Письмо Р.Роллана Вильдраку от 12 декабря 1917 года:
«Я знаю двух человек, которые в наше время находят возможность быть счастливыми или же по крайней мере сохранять спокойствие духа. Это, во-первых, ученый типа Николаи, гениальный биолог... Другой — это историк Рубакин, который весь охвачен молодой силой, проснувшейся в его гигантском народе. Хотя он и не разделяет учение нынешних властителей, он радуется потокам новой жизни, которые там вырвались на волю, и бесконечными горизонтами будущего, открытого его надеждам».
17 января 1918 г.:
«Визит Рубакина и его жены. Он говорит, что его сын возглавлял медицинскую службу русских войск во Франции и от него неожиданно потребовали его ухода с этого поста по приказу французского правительства. Мотив: он сын писателя-большевика (что неверно, так как Рубакин никогда не был большевиком), но он совершил преступление, непростительное с точки зрения французского правительства, он справедливо судил о большевиках и говорил правду о событиях в России. Рубакин вспоминает с горечью, что он несколько раз оказывал большие услуги союзникам, в особенности разоблачив первым в «Газетт де Лозанн» подозрительные интриги Штюрмера, ищущего заключить мир с Германией. Он с отвращением говорит о русском агентстве печати, подкупленном союзниками, цель которого — опозорить своей клеветой большевистское правительство. Из тысячи и одного способа лжи он приводит один способ: просмотреть русские газеты за три месяца, выбрать в них факты, говорящие о беспорядке в разных местах, в разные даты, затем их собирают в один пучок и подают как ужасающий рассказ об одном дне анархии!»
19 февраля 1918 г.:
«...К счастью, его (Рубакина) познакомили с американской миссией, которая намеревается (так странно!) «евангелизировать» русский народ (который сам мог бы дать ей урок! — А.Р.).
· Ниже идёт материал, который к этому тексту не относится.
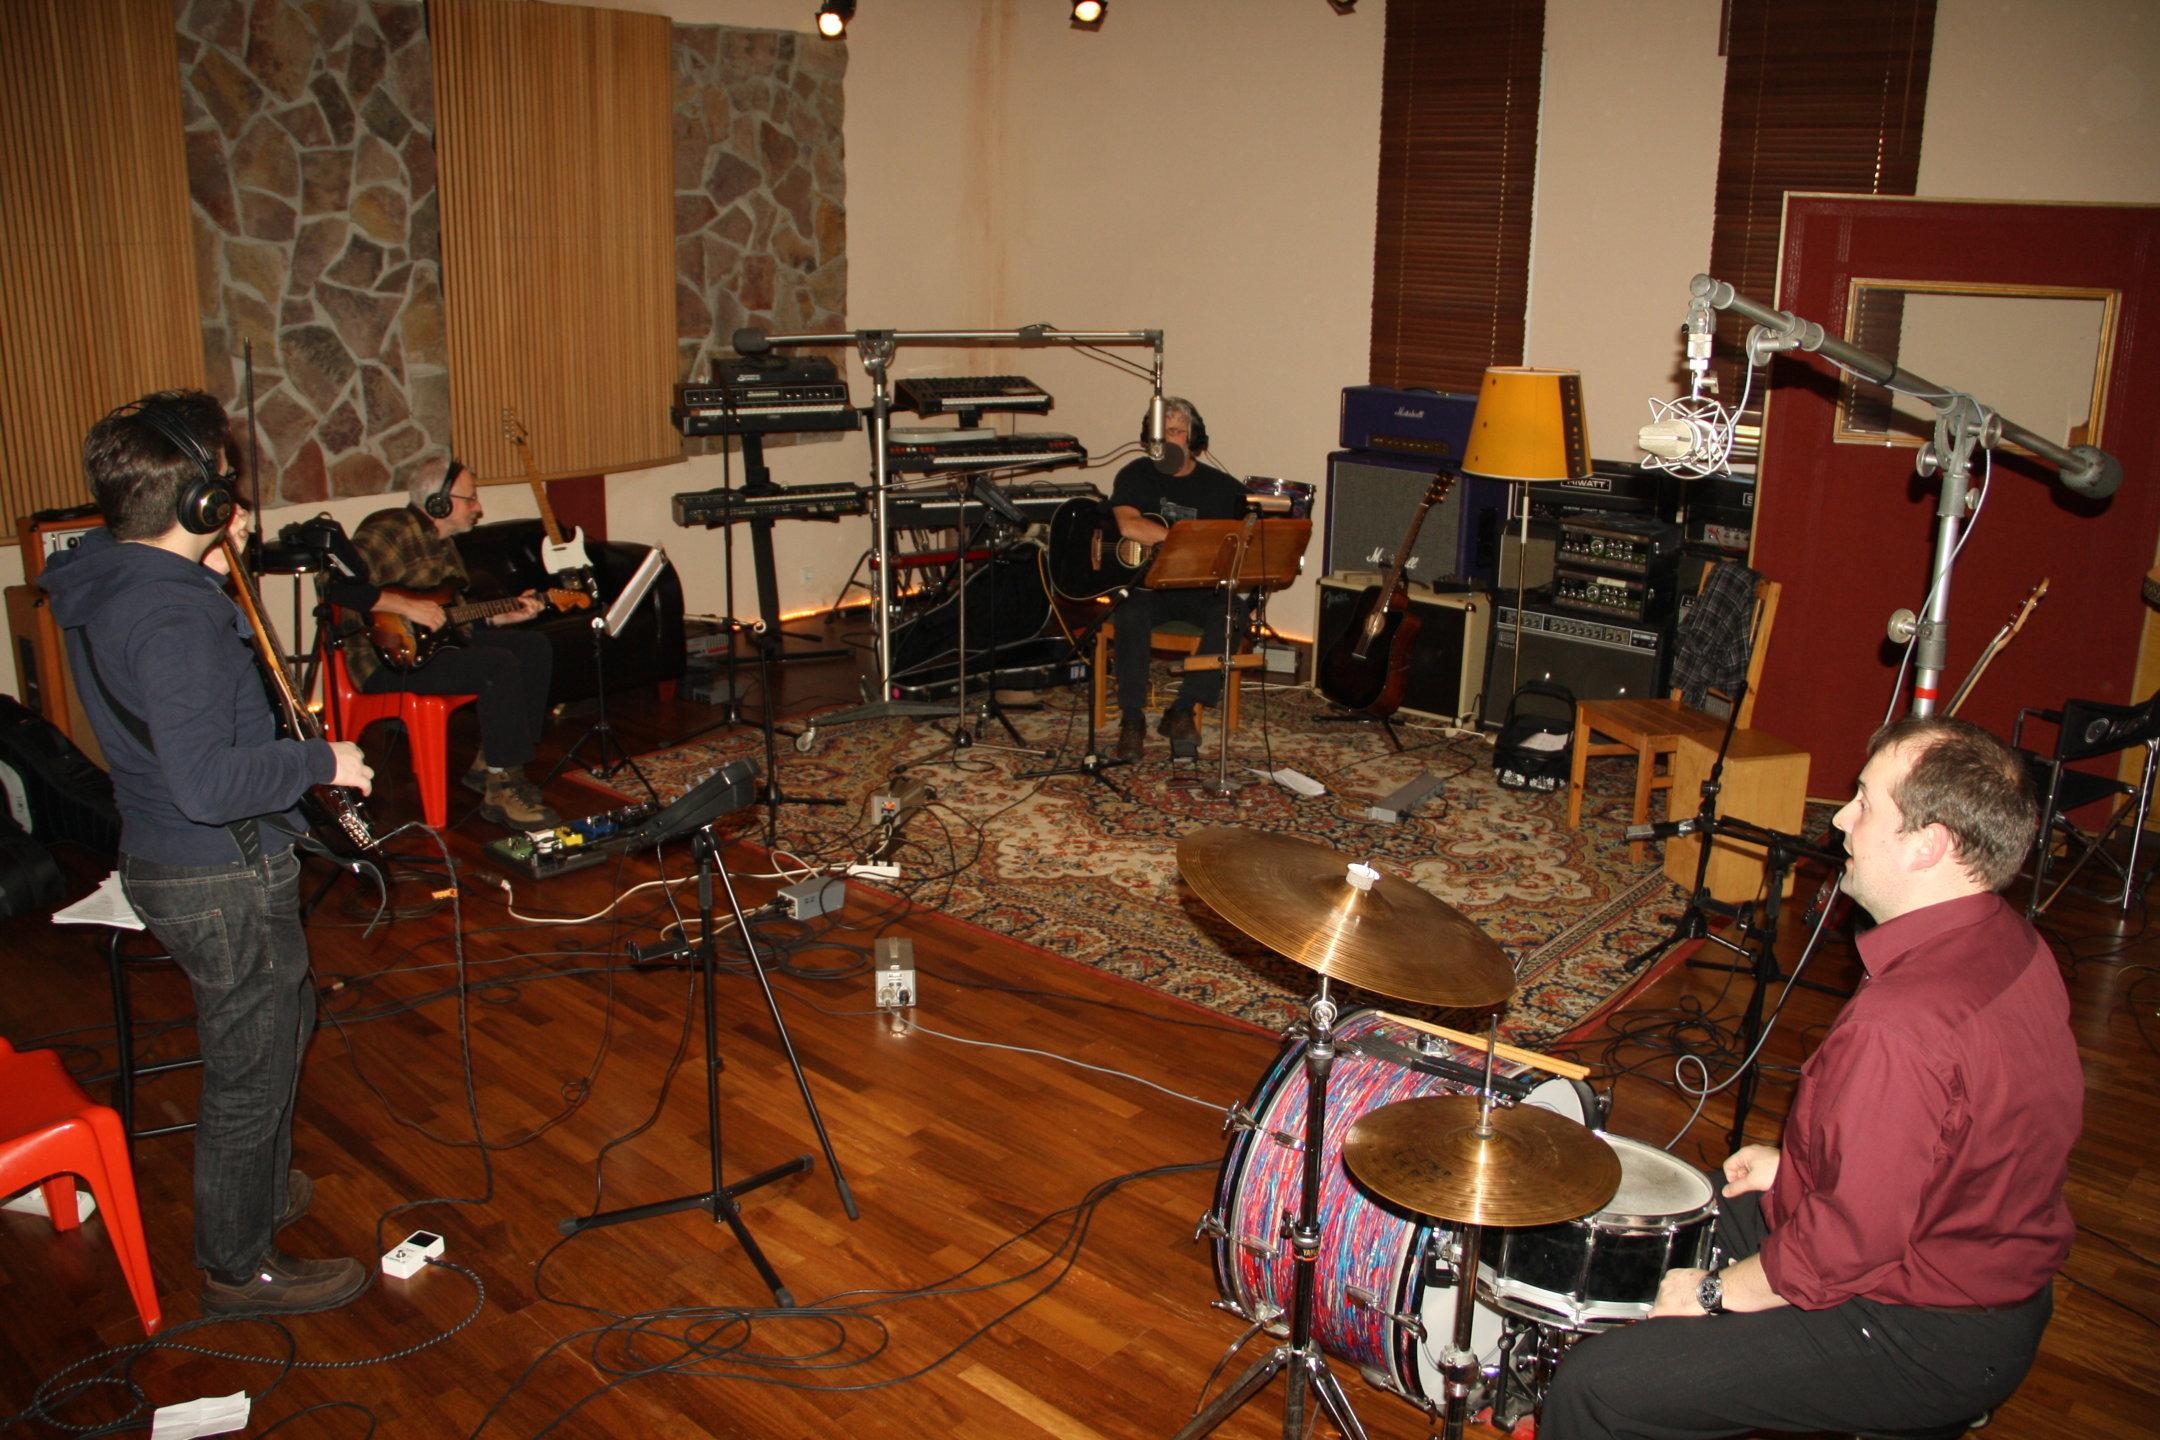 Bandaufnahmen im Studio
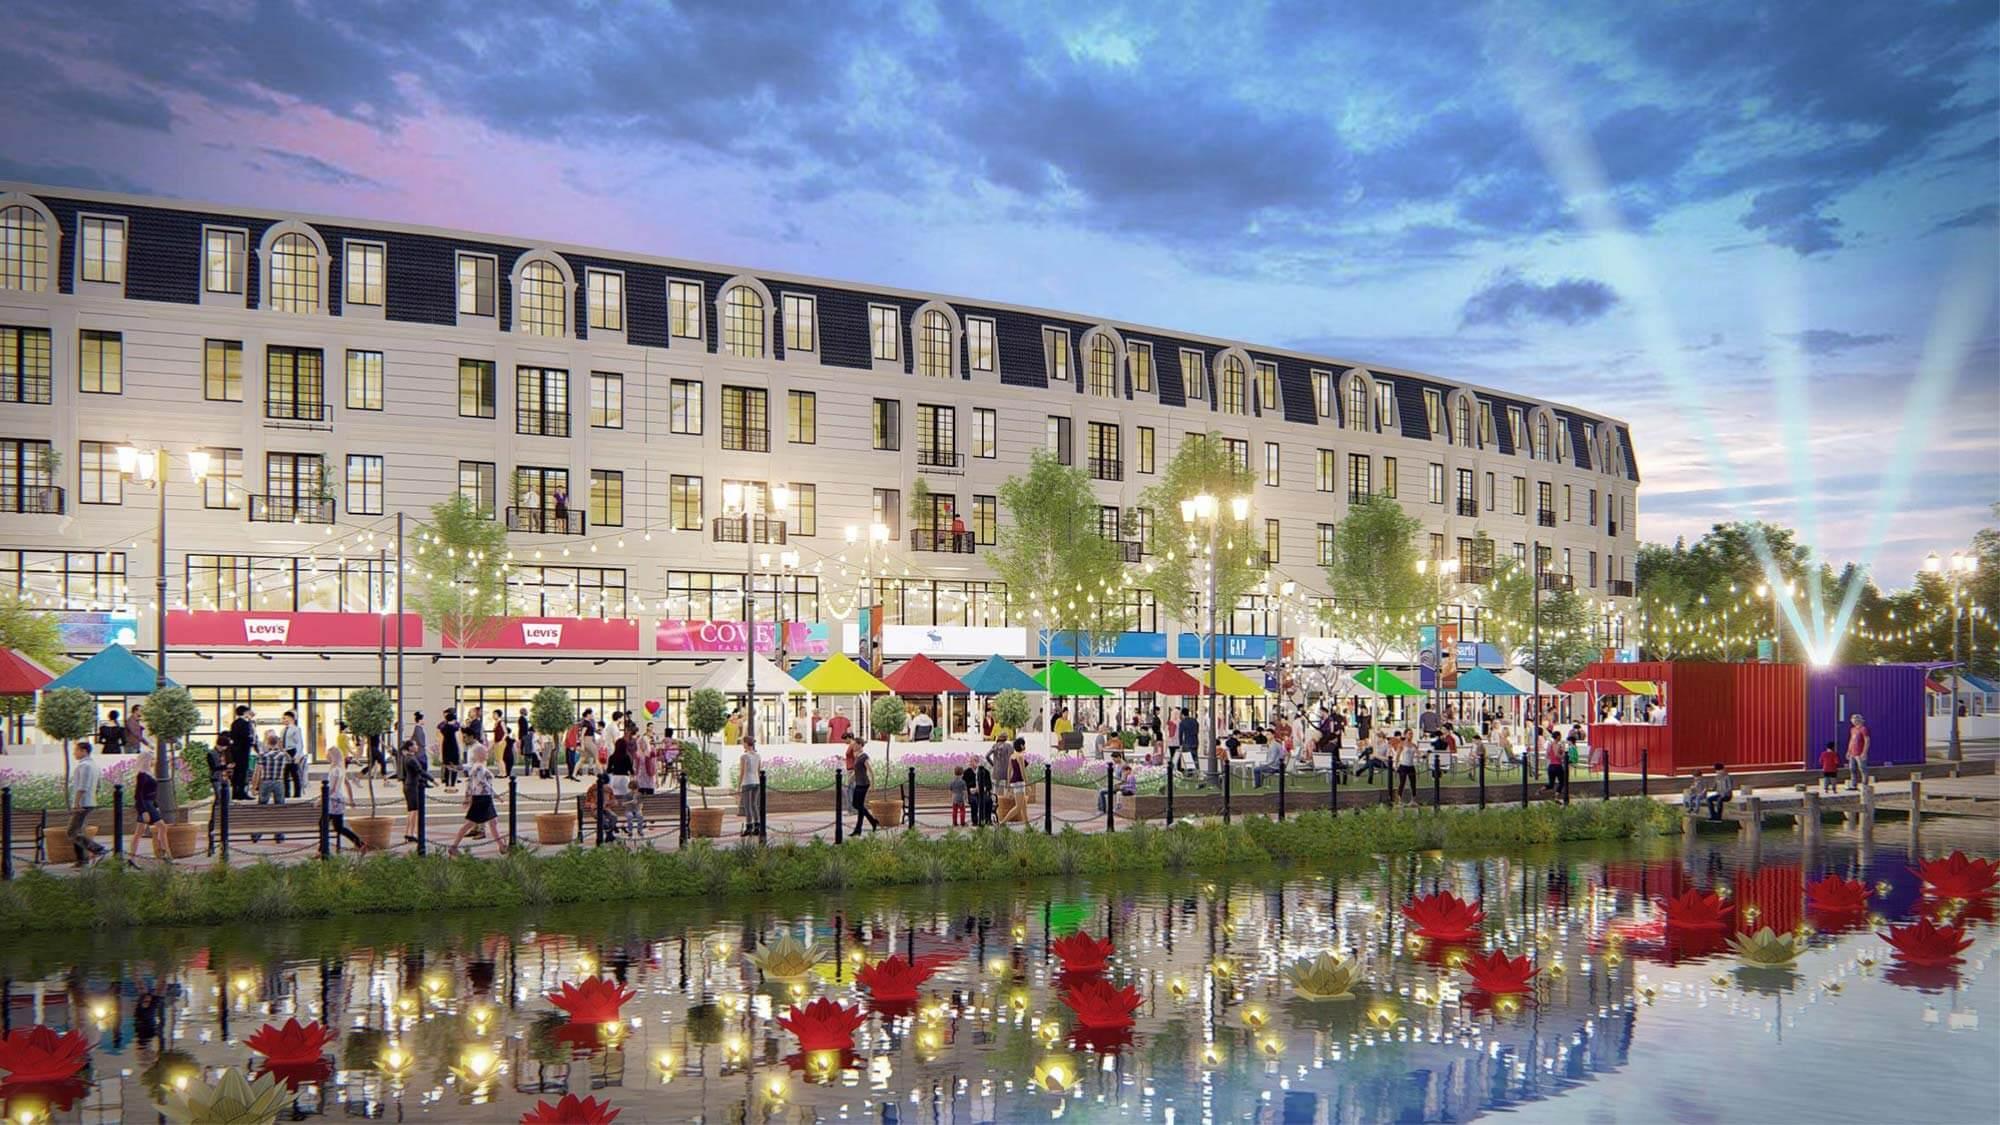 Ha Tien Centroria: Tổ hợp thương mại mặt tiền chợ đêm tại TP. Hà Tiên chính thức ra mắt

Рубакин увидел тут возможность возобновить и расширить свою деятельность в народе. Он смог отсоветовать американцам проповедовать их американское евангелие и получил от них задание написать для своих соотечественников широкую серию морализирующих или, как он говорит, «гуманизирующих» книжек. Он мне изложил свой план, как всегда весьма путаный и выдержанный в ужасно отвлеченном духе (я не могу понять, как такой человек, так лишенный дара рассказывать и выражать свои мысли в реалистических рассказах, мог завоевать в своей стране такую обширную народную аудиторию. Надо думать, что у русского народа мозг более абстрактный, чем у нашего. — Р.Р.). Мне кажется, что Рубакин вот уже несколько месяцев затронут христианской наукой, чем его заразила, несомненно, его секретарша мадам де Шнеур, убежденная «сциентистка». Я замечаю, что христианская наука широко распространяется в настоящее время среди кругов свободомыслящей интеллигенции, имеющей религиозный инстинкт и воспоминания. Я привлек внимание Рубакина к бехаизму, который, с моей точки зрения, более гибок и более тонок, а также более поэтичен, чем христианская наука, и, по-моему, более близок русскому народному духу, чем американский евангелизм».
«...Рубакин мне сообщил о конфиденциальном докладе, представленном им послу Бо
(который у него этого просил) о политическом положении в России и об ошибках, сделанных там союзниками. Это замечательное по своей откровенности и ясности изложение. Но я вполне понимаю, что французские правители, которые не желают знать правды, когда она для них неприятна, таят к нему вражду».
«П.Ж.Жув, который провел день с нами (22 ноября), мне сказал, что восемь дней тому назад полиция произвела обыск у невинного Рубакина и у бедной мадам де Шнеур. Швейцария, потерявшая голову от общей стачки (такой, по существу, безвредной! — Р.Р.), вбила себе в голову искать и находить большевистский заговор, имеющий обширные разветвления! И вполне естественно, первые удары обрушились на самых безобидных интеллигентов! Славный и прекрасный старик Рубакин! С его тихой манией библиологических наук, химии речи и т.д. и т.д.».
Друг и почитатель Р.Роллана, французский поэт Поль Жув написал его биографию. В этой биографии он говорит: «Упоминаем еще о двух людях, с которыми Р.Роллан был связан глубокой симпатией мысли и постоянным уважением: профессор А.Форель, психиатр, энтомолог и социолог, и русский писатель Николай Рубакин».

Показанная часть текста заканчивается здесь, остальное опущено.